Supplementation for AD patients should follow the principle of individualization: patients with mild AD can appropriately increase the intake of L-leucine-rich foods (e.g., lean meat, eggs, milk, legumes) under the guidance of a dietitian; patients with moderate to severe AD need to undergo serum amino acid profile testing and use low-dose BCAA preparations under the guidance of a physician, avoiding large-scale self-supplementation.

Safety Considerations

At normal dosages, L-leucine has good tolerability in AD patients and does not cause severe adverse reactions. However, for AD patients with comorbid renal insufficiency, the dosage must be strictly controlled to avoid increasing the metabolic burden on the kidneys; for patients with comorbid diabetes, blood glucose changes need to be monitored, as L-leucine may affect insulin sensitivity.

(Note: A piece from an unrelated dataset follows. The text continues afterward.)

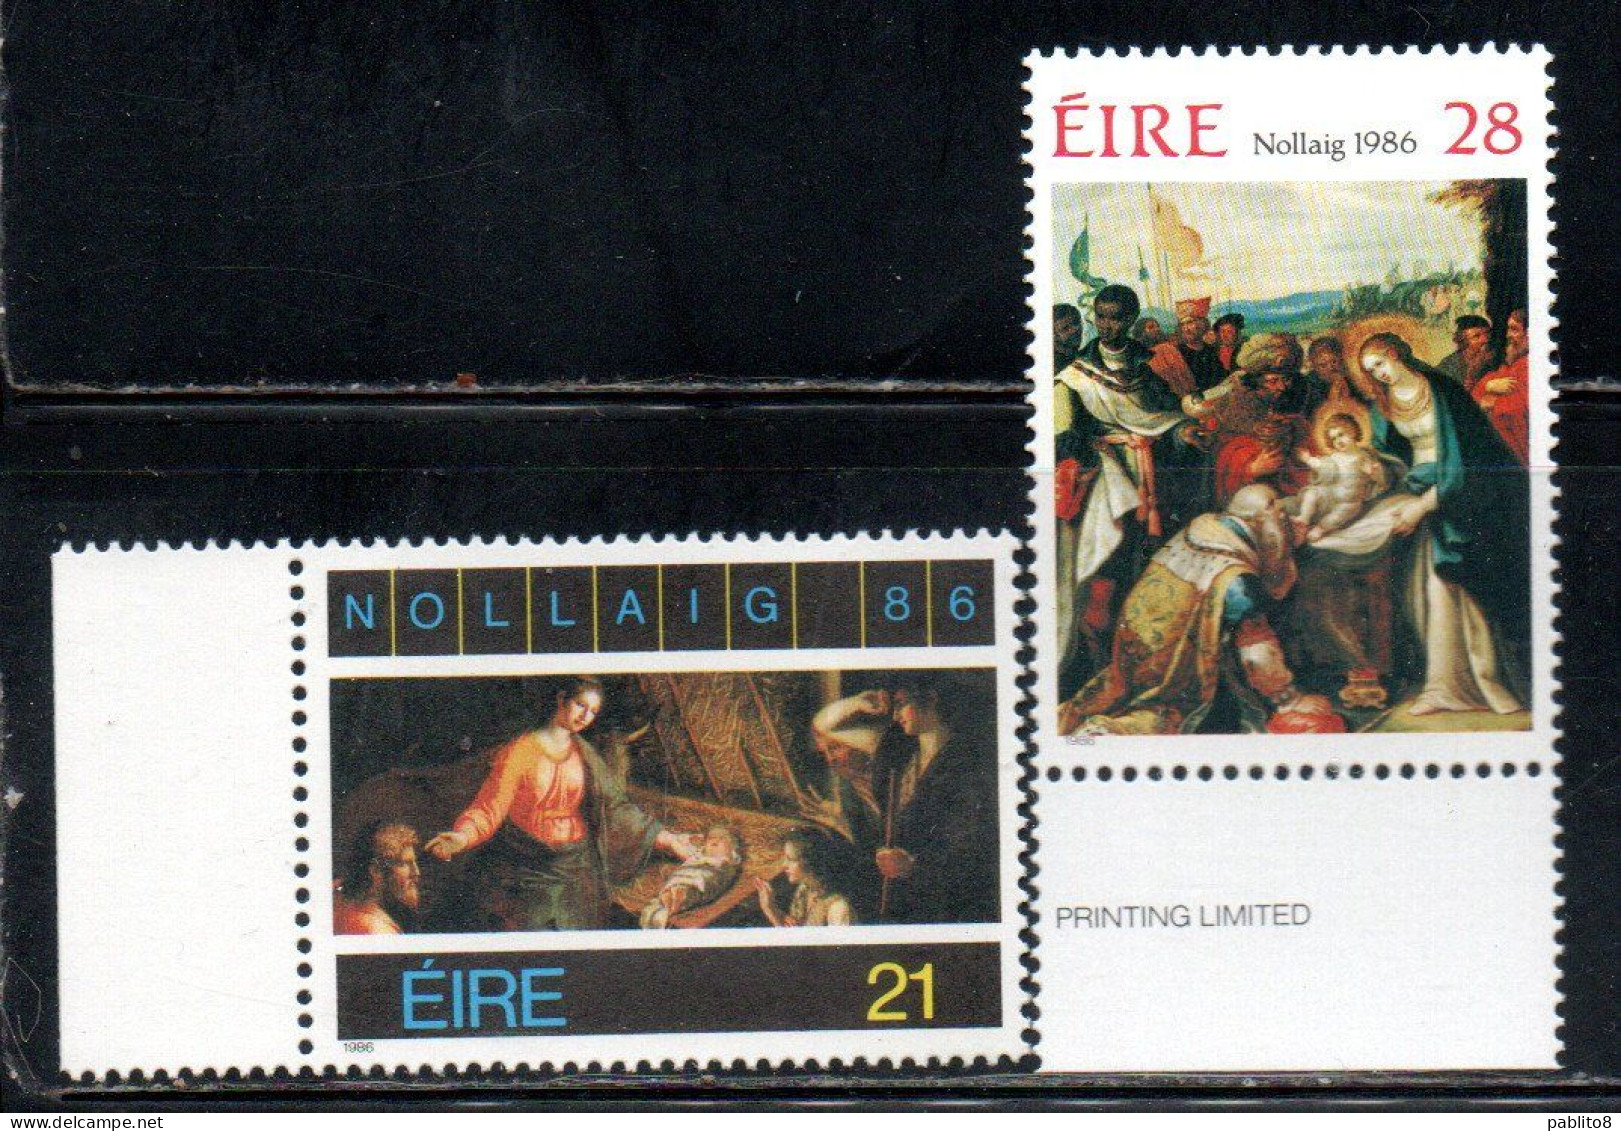 EIRE IRELAND IRLANDA 1986 CHRISTMAS ANNUNCIATION NOLLAIG NATALE NOEL WEIHNACHTEN NAVIDAD COMPLETE SET SERIE COMPLETA MNH - Unused Stamps

L-leucine exerts potential protective effects on cognitive function in AD patients through pathways such as improving cerebral energy metabolism, inhibiting neuroinflammation, and regulating the pathological processes of Aβ and tau protein. However, current research is still in the exploratory stage, and its efficacy is affected by factors such as dosage, disease course, and individual variability, meaning it has not yet become a routine treatment for AD. Future research needs to clarify its optimal dosage and applicable population through larger-scale clinical trials, providing a reliable basis for the application of L-leucine in the adjuvant treatment of AD.